The output is the lines below from the one with "100% vegan protein zero - Prodotto - fr" through the one with "Chuyên đề Tìm", both included, printed exactly and with no other line.

**DATA EXTRACT**.
+ + + +

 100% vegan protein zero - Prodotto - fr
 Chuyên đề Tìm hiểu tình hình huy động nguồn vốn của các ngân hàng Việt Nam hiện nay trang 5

+ + + +

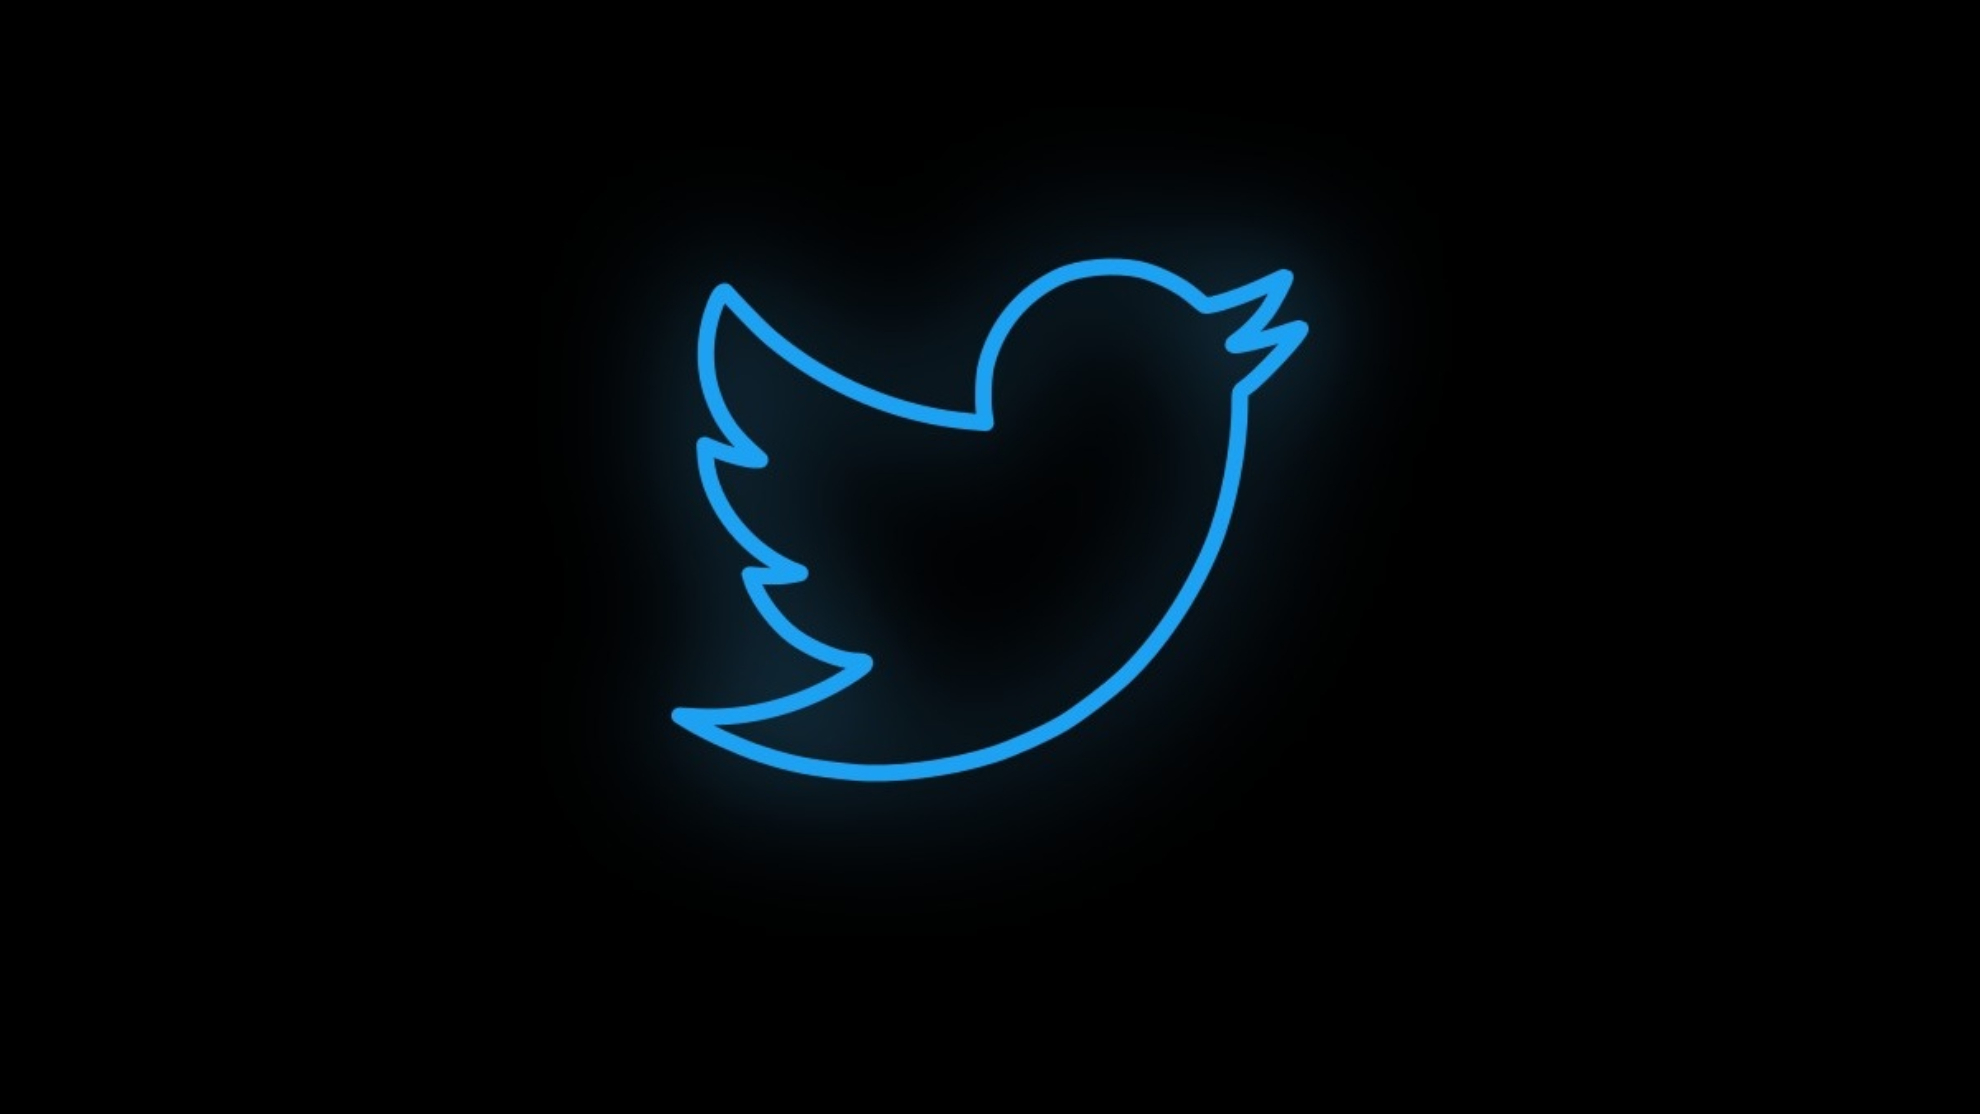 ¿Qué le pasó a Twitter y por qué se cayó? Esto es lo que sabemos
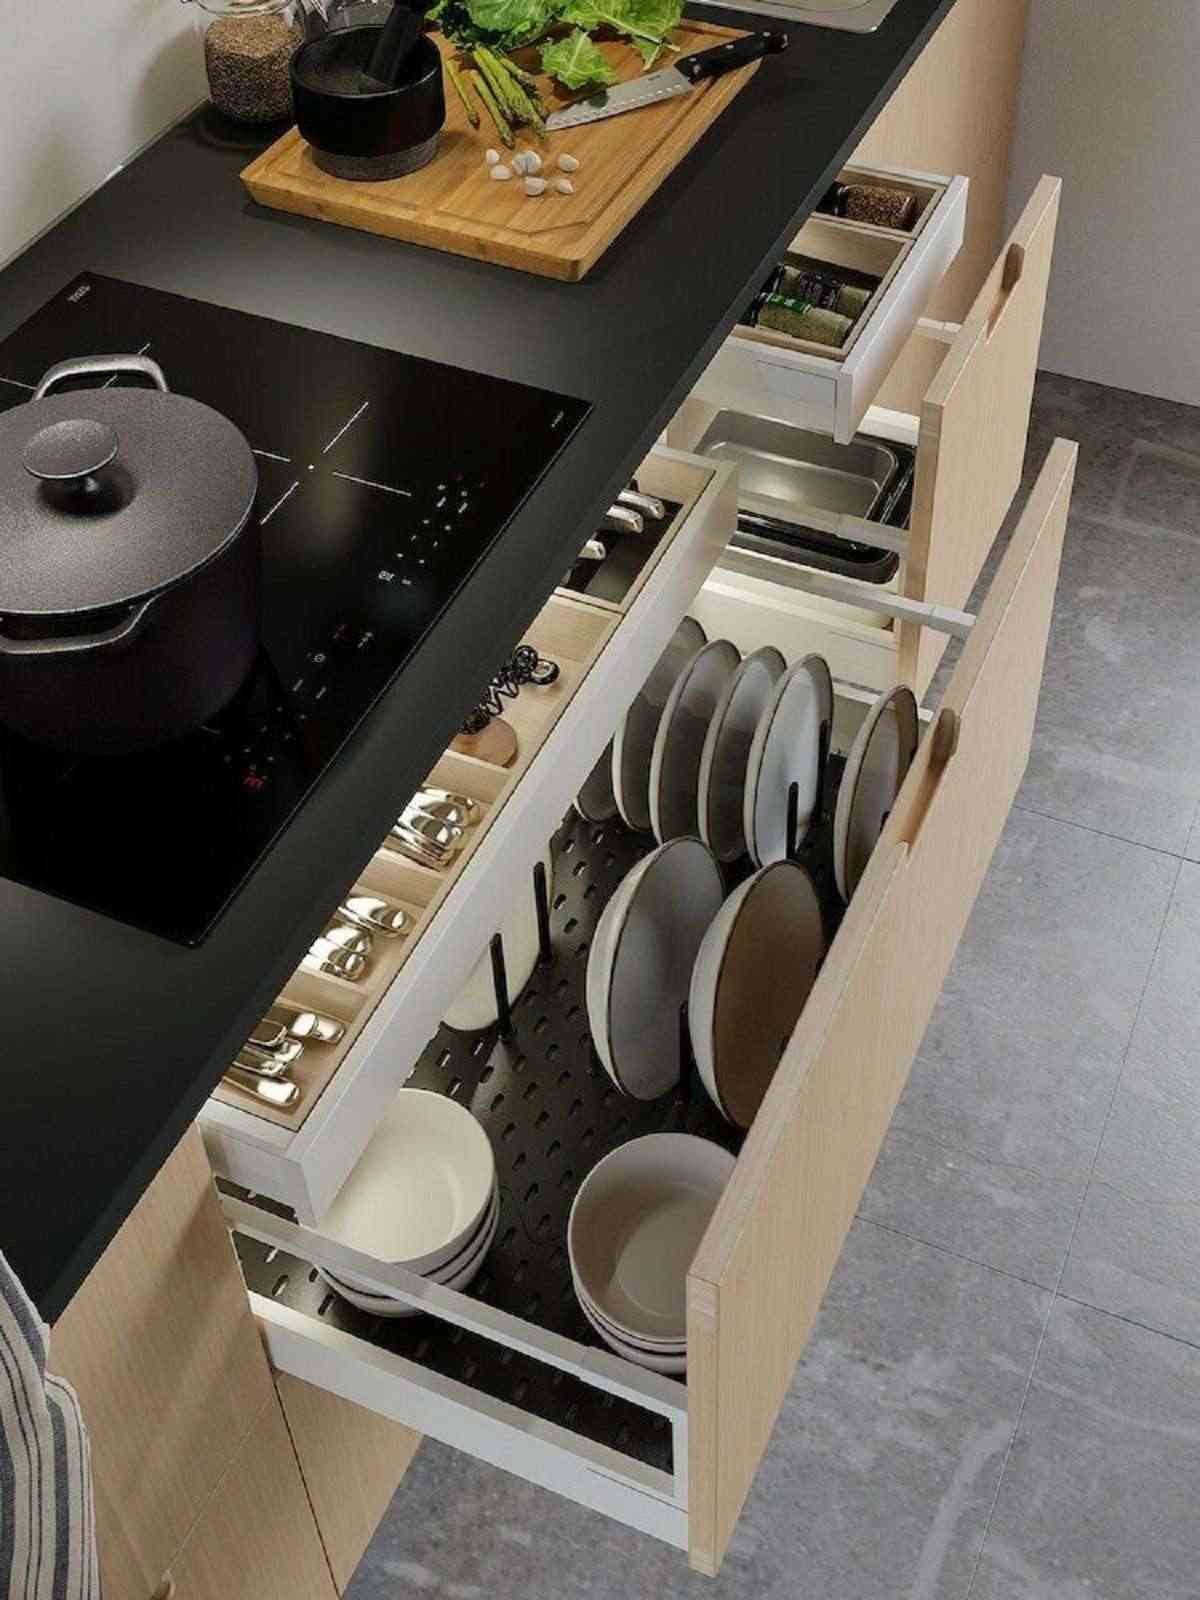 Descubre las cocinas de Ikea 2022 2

+ + + +

**OUTPUT**.
 100% vegan protein zero - Prodotto - fr
 Chuyên đề Tìm hiểu tình hình huy động nguồn vốn của các ngân hàng Việt Nam hiện nay trang 5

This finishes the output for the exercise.